2. Marc-Andre Fleury, PIT
The job of any goalie with an unparalleled championship offense is simply to keep his head above water. What really brings Cups home is having both that offense and an actual talent in goal. I have no love for them, but the Pittsburgh Penguins have not only been blessed with one good goalie who can fill this role, but now they have two. Marc-Andre Fleury knows what it’s like to be in the big game. He’s not top of the pile, but he has seen some of the best shots the league has to offer. The only problem with The Snowman is that there is a young buck on the rise.
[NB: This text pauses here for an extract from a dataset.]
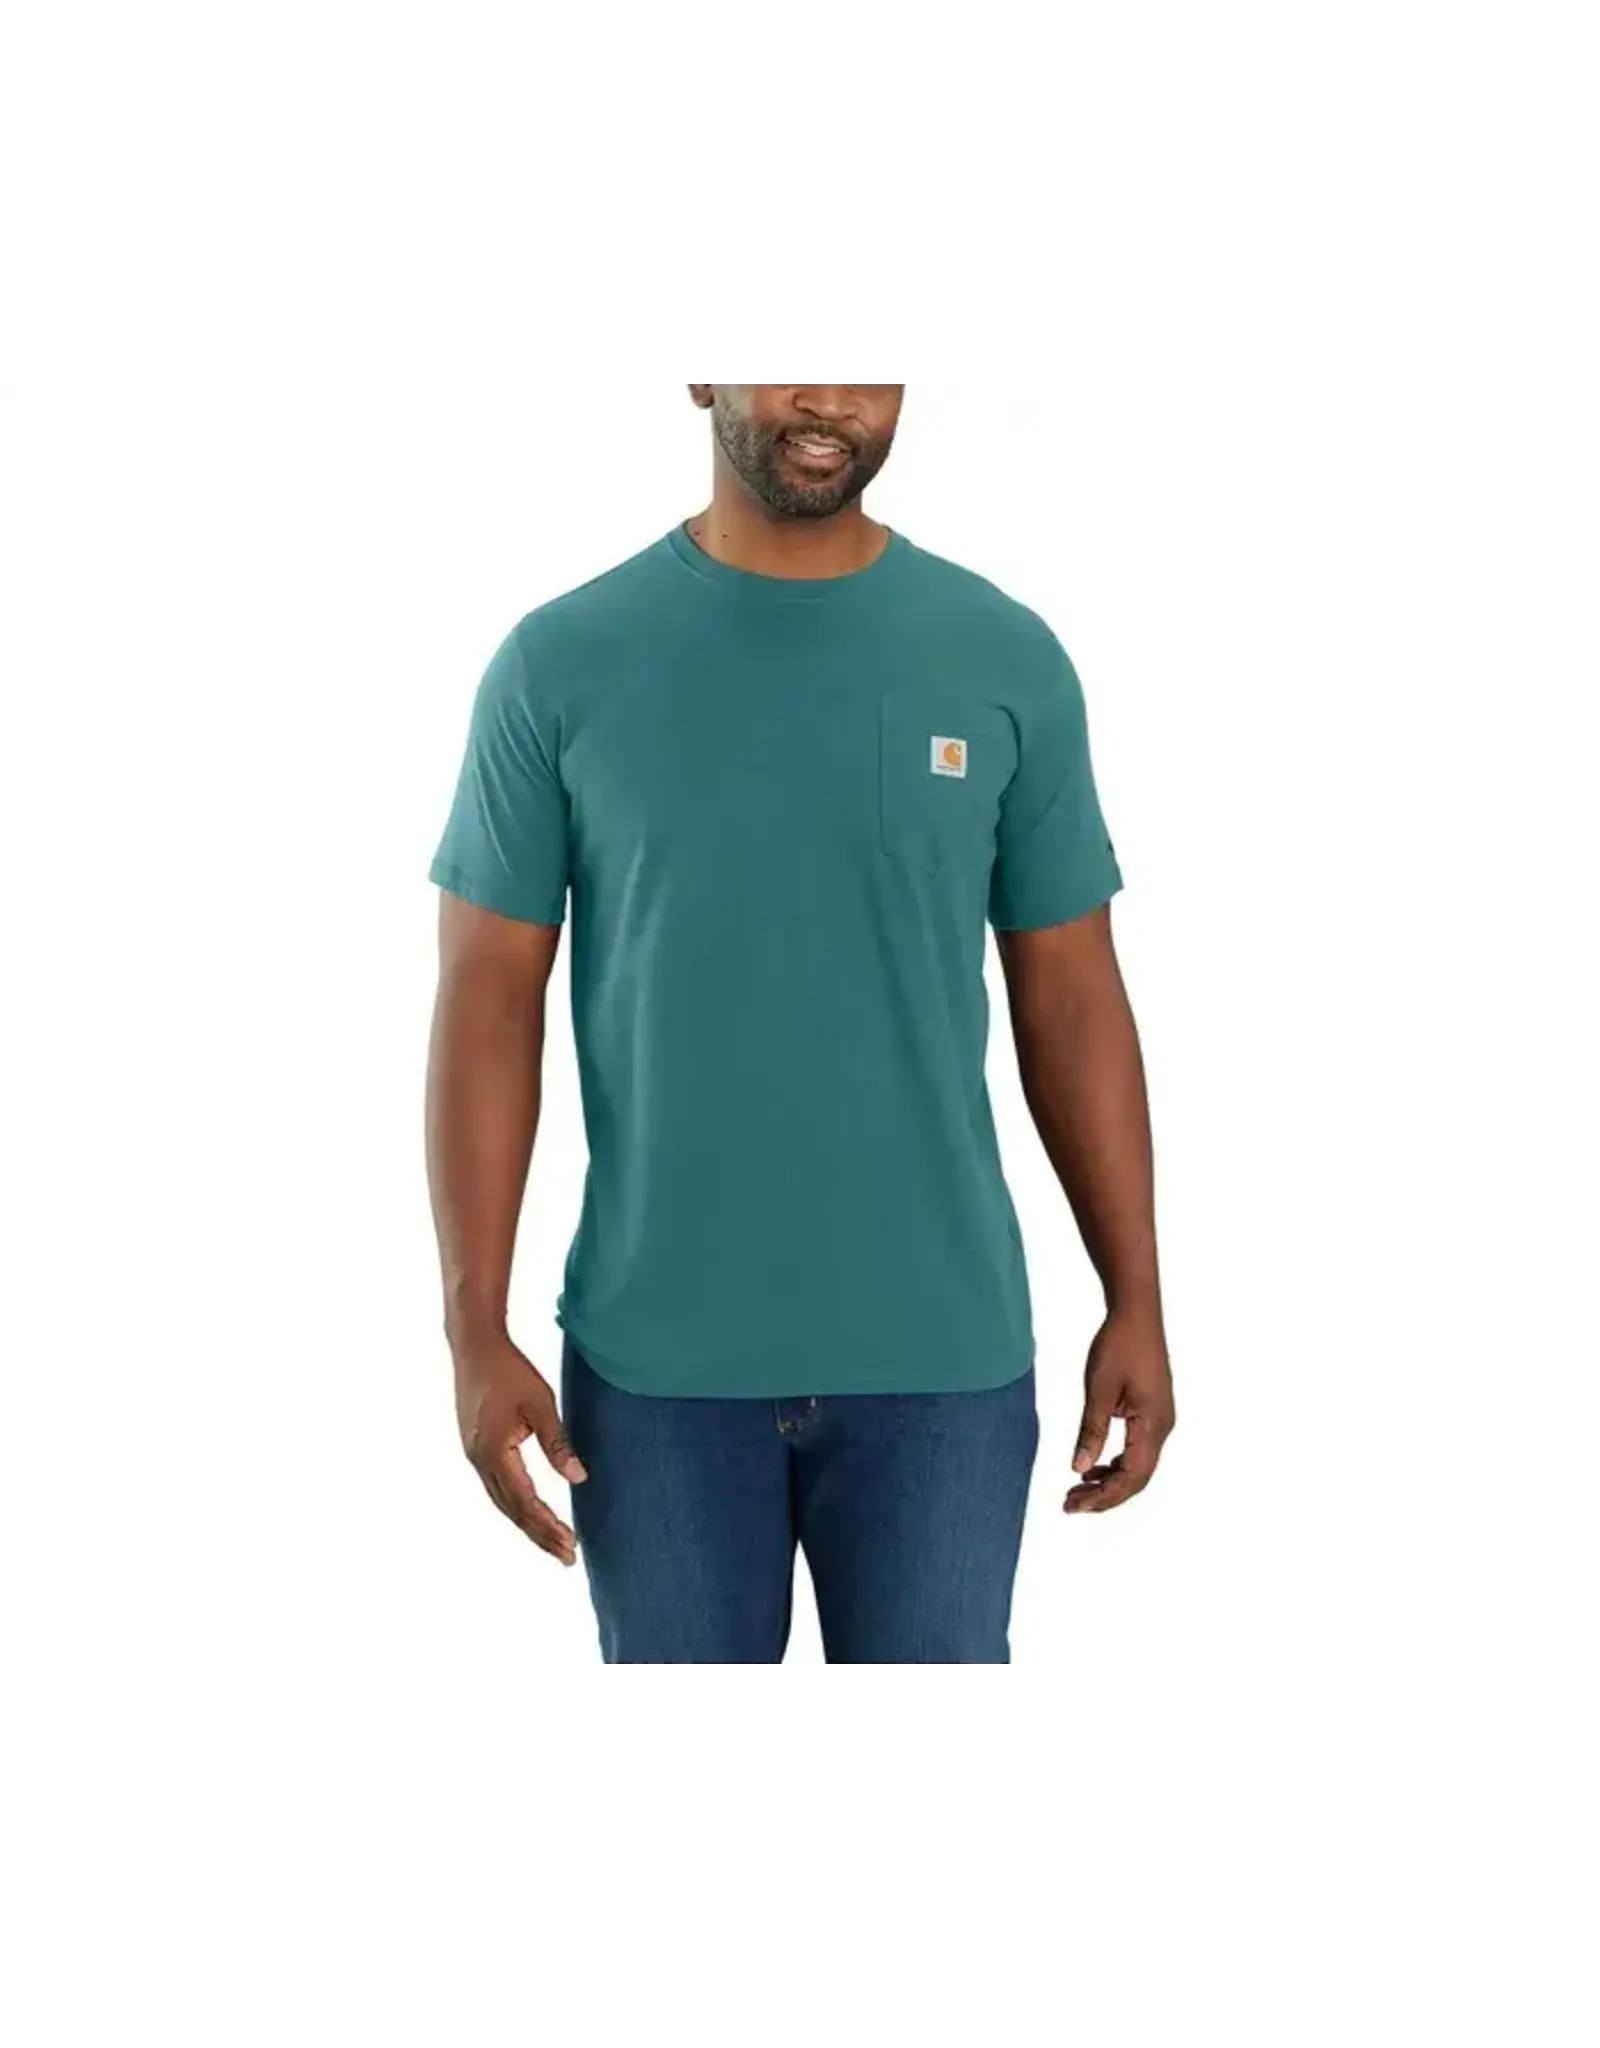 Carhartt Men's Force 104616-GE0 Sea Pine T-Shirt

Matt Murray has been doing stunningly between the Pittsburgh posts and at 22 years old seems very comfortable there. There is only room for one starter on the Expansion roster for the Penguins. Fleury has brought them many good years, but there is a changing of the guard happening here. He certainly has the expertise (and the Cups) to bring another team back on the map.
1. Ilya Kovalchuk, SKA
A strange pick to see here, but hear me out. The KHL, or the Kontinental Hockey League, is the professional league headed in Russia, but it includes the Eastern Bloc countries and China. It is no bush league. Many argue that the KHL is more technical and skills driven, where the NHL becomes about pure speed and physicality. You can make a living playing out East (and you have to live, you know, in Russia), but the ultimate goal is always to get to the NHL. You may recognize Ilya Kovalchuk as a star from the Atlanta Thrashers (now the Winnipeg Jets) in the late aughts. He came closet o 100 points several times on the Thrashers. In his last full season before going out to SKA St. Petersburg, he scored 83 points with the New Jersey Devils. Well, Kovalchuk’s contract is coming up in the frozen north. Should he come down from the mountain, it is well within his ability to put numbers up on the big stage. The NHL could find a spot for him to score 80 points in 2017.